======== Data shown

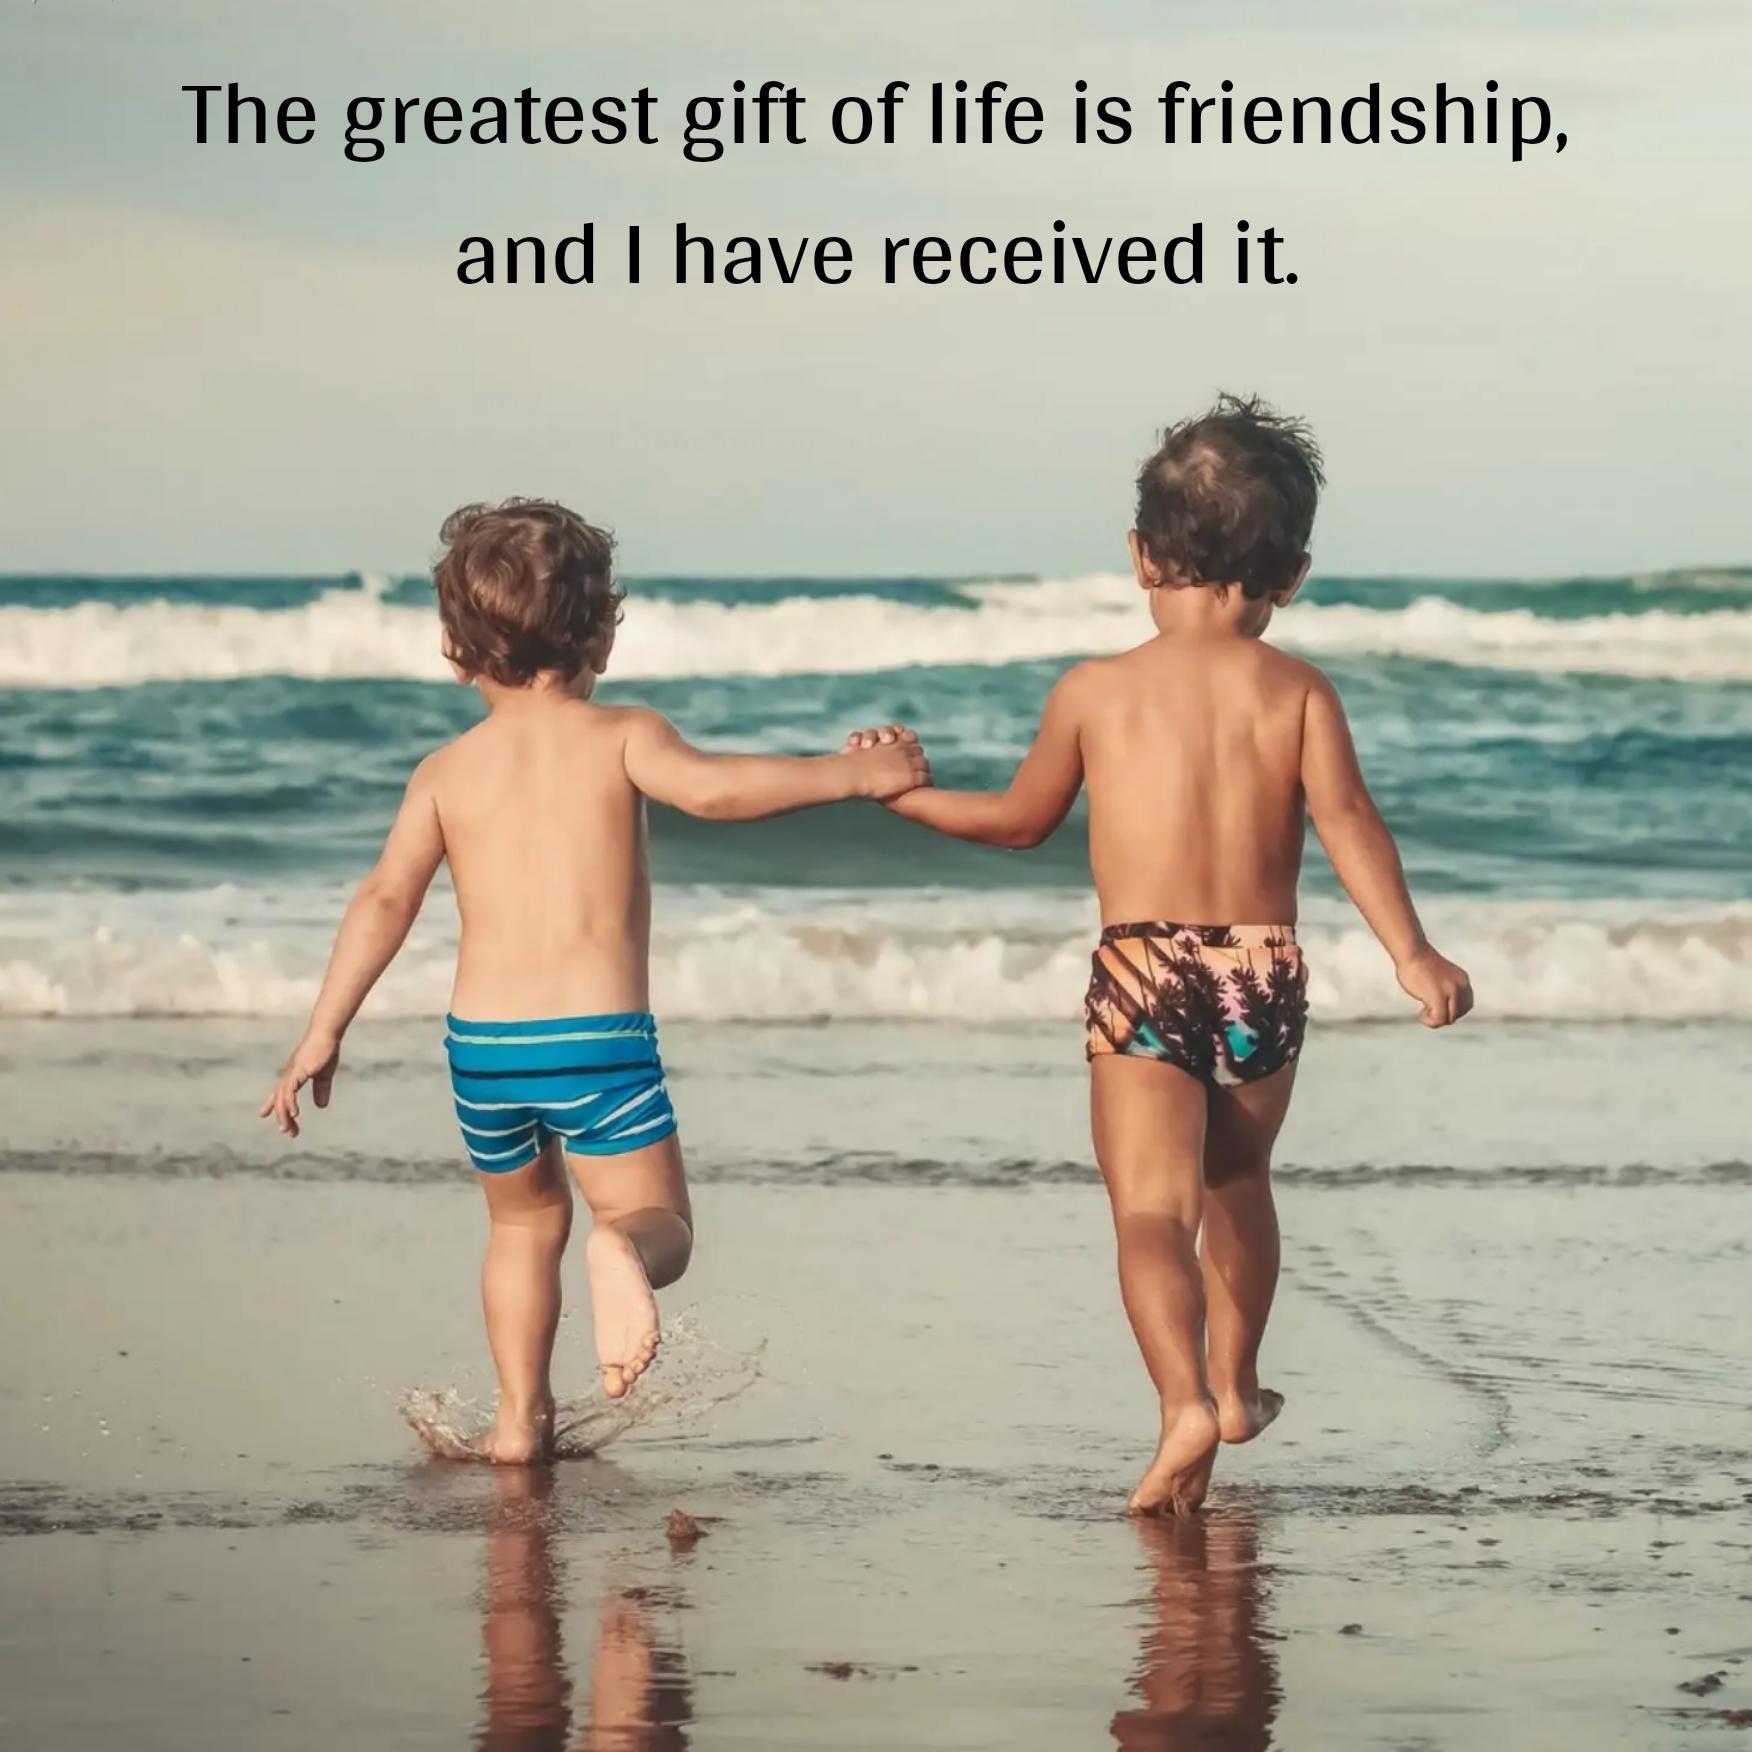 The greatest gift of life is friendship and I have received it
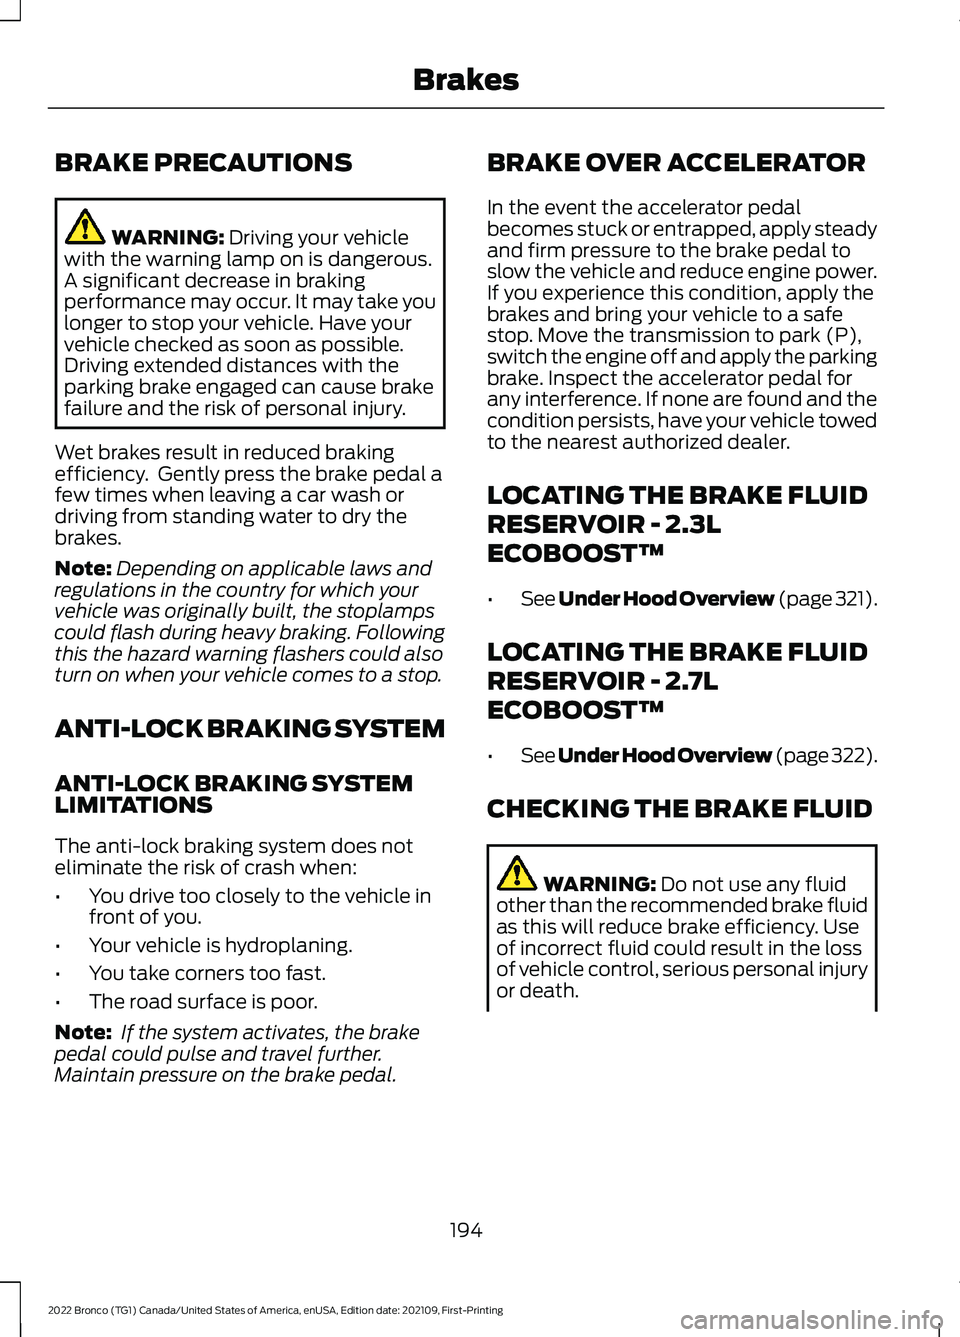 FORD BRONCO 2022  Owners Manual BRAKE PRECAUTIONS
WARNING: Driving your vehiclewith the warning lamp on is dangerous.A significant decrease in brakingperformance may occur. It may take youlonger to stop your vehicle. Have yourvehicl

================

What you are asked to do: Begin at the line that contains "FORD BRONCO 2022" and transcribe exactly, and only, each line through the final line of the data above, both included; the pictures do not go in.

Written response:
 FORD BRONCO 2022  Owners Manual BRAKE PRECAUTIONS
WARNING: Driving your vehiclewith the warning lamp on is dangerous.A significant decrease in brakingperformance may occur. It may take youlonger to stop your vehicle. Have yourvehicl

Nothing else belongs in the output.